YOUR ASSIGNMENT.
Word for word, copy the line that contains "Bermuda Uomo Woolrich" and each line after it in the data below. Pictures stay out of the copy.

THE DATA.
***

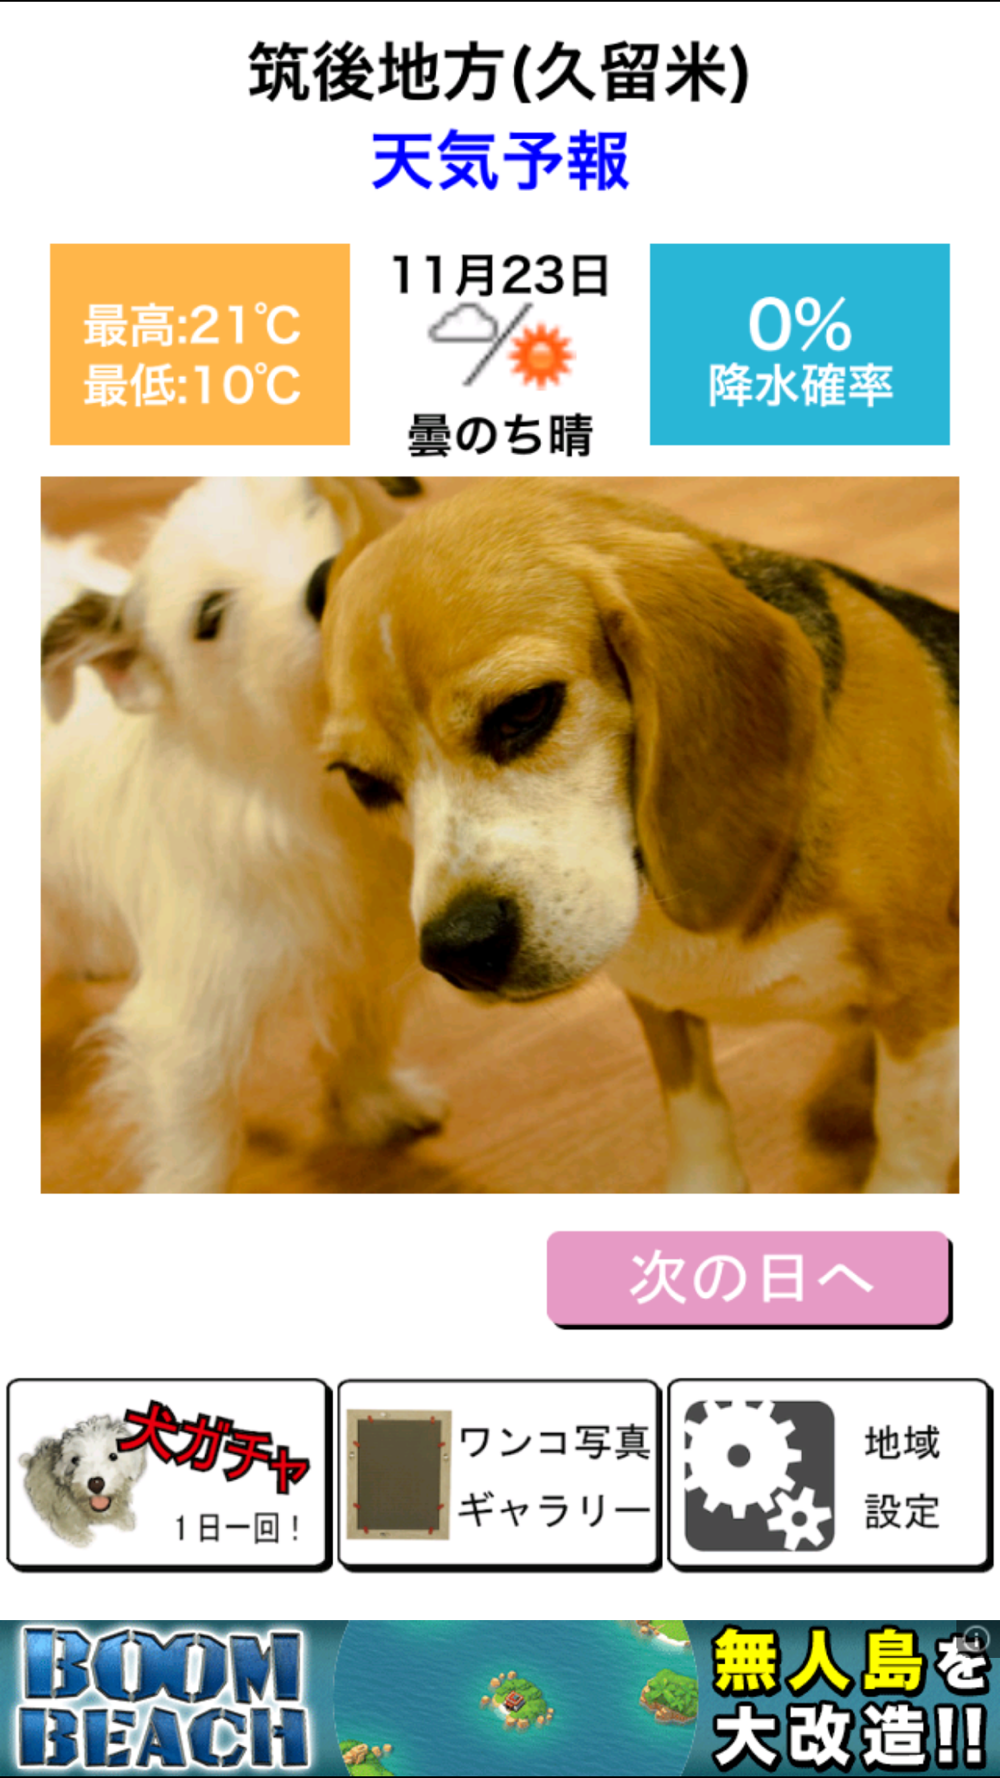 わんこ天気 天気予報 可愛い犬の写真 Free Download App For Iphone Steprimo Com
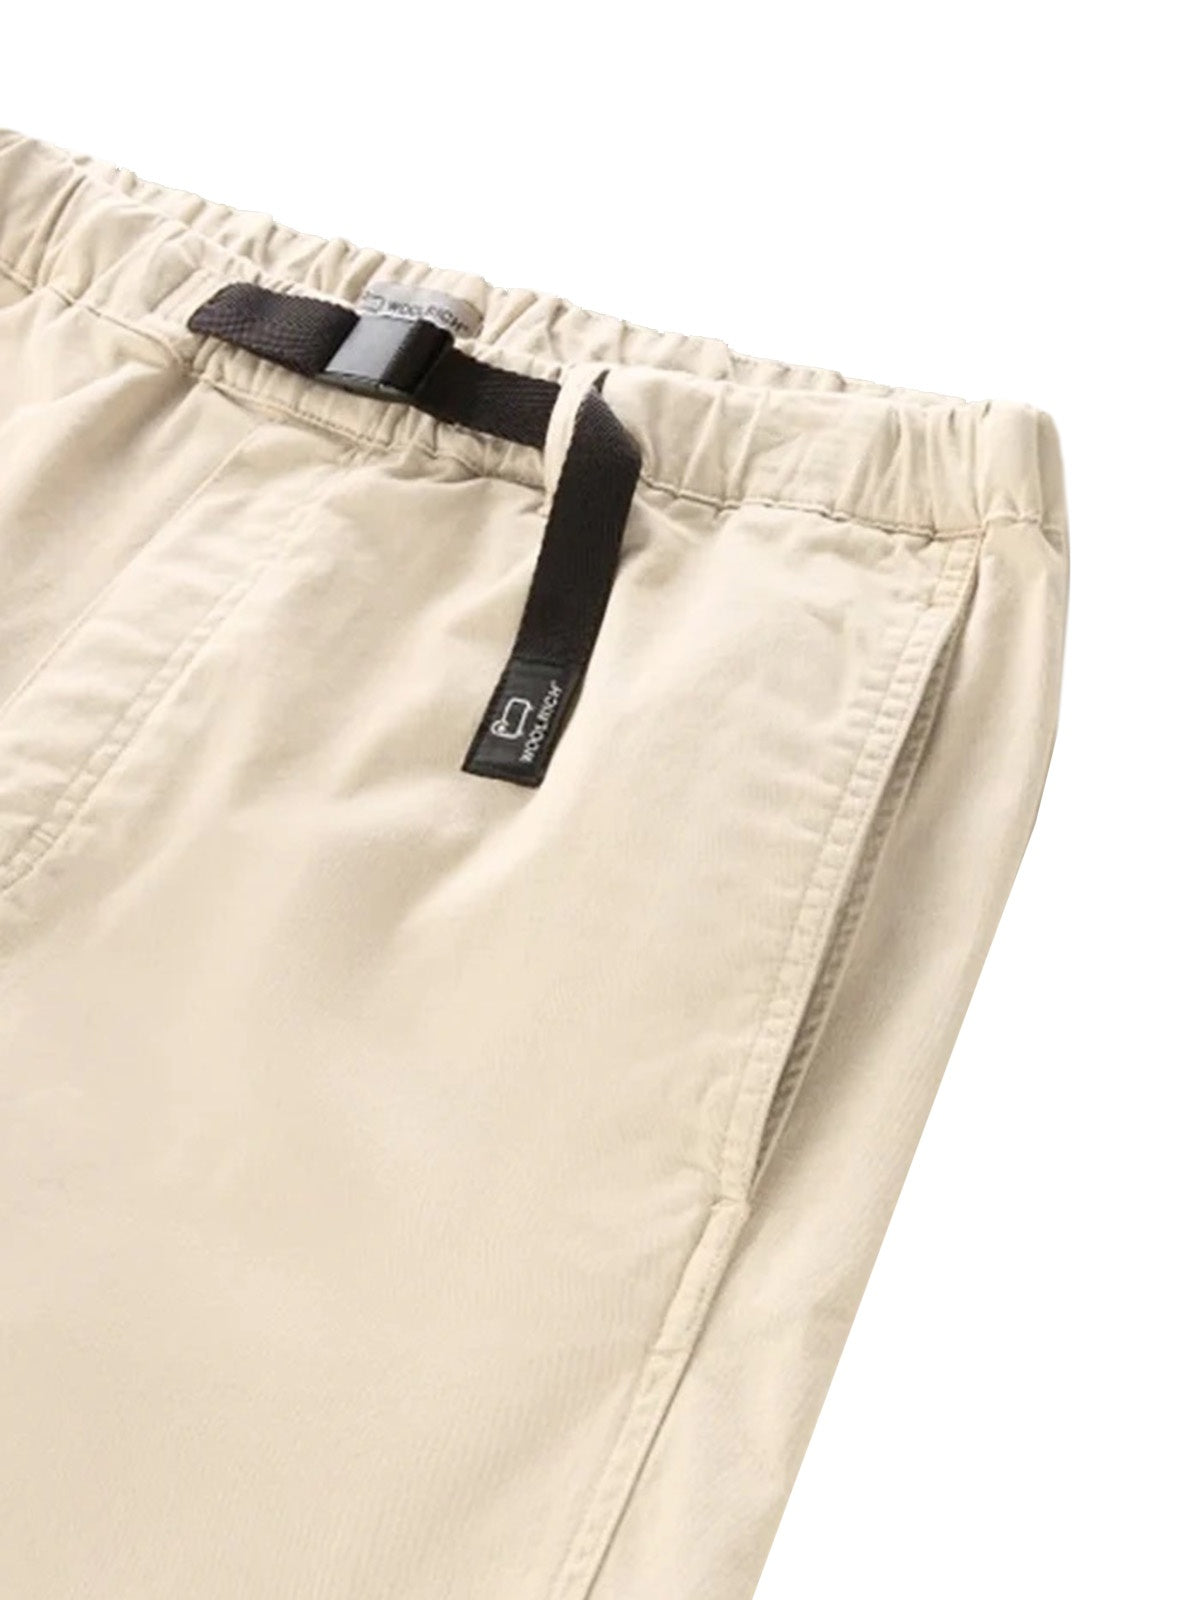 Bermuda Uomo Woolrich - Pantaloncini Chino In Cotone Elasticizzato - Bianco
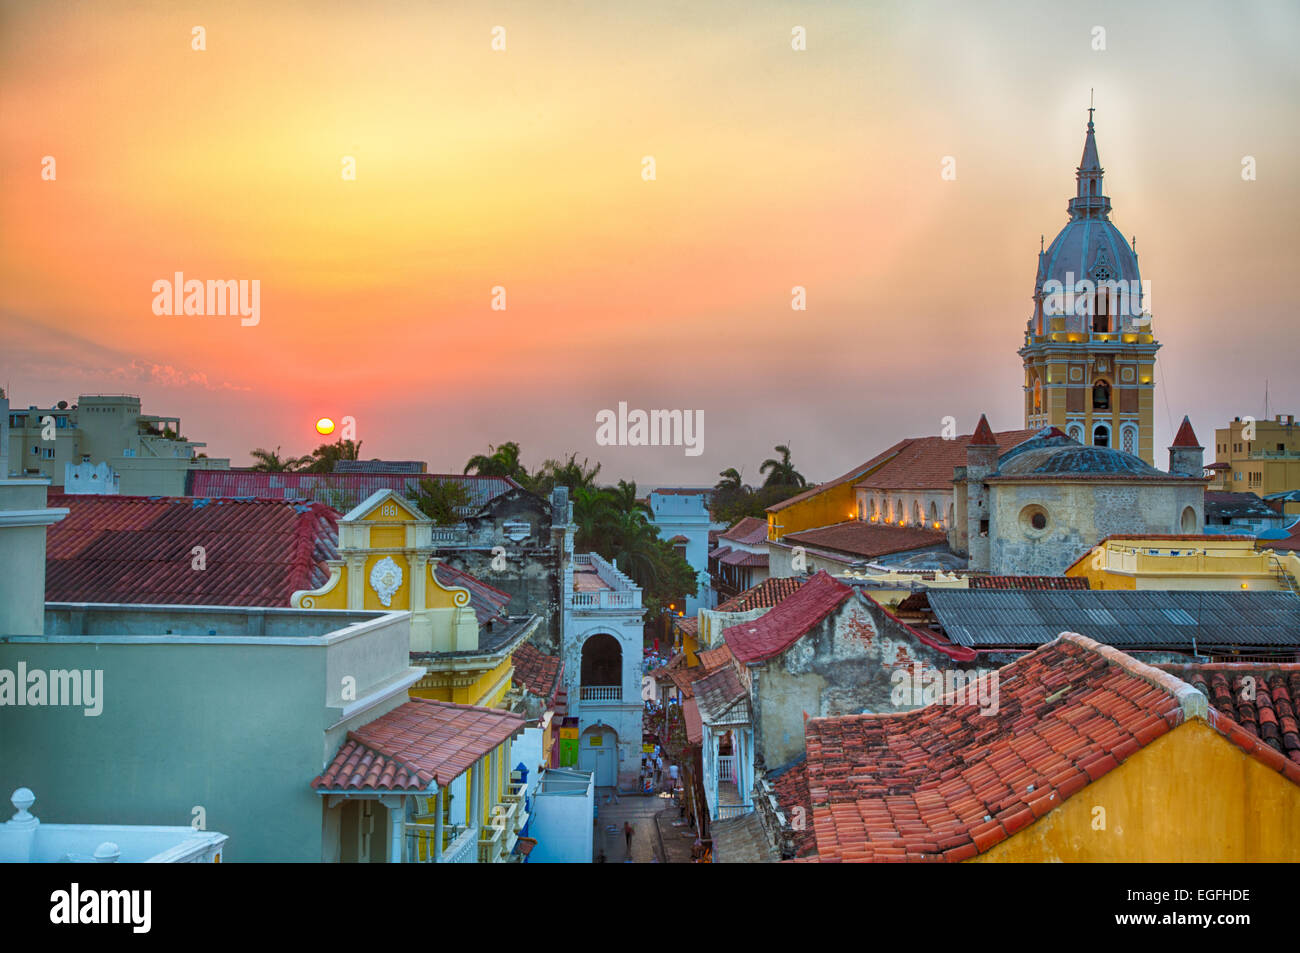 Zeigen Sie über die Dächer der alten Stadt Cartagena eine lebendige Sonnenuntergang an. Der Turm der Kathedrale von Cartagena steht groß und pr Stockfoto

***

RESPONSE AREA.
 Bermuda Uomo Woolrich - Pantaloncini Chino In Cotone Elasticizzato - Bianco
 Zeigen Sie über die Dächer der alten Stadt Cartagena eine lebendige Sonnenuntergang an. Der Turm der Kathedrale von Cartagena steht groß und pr Stockfoto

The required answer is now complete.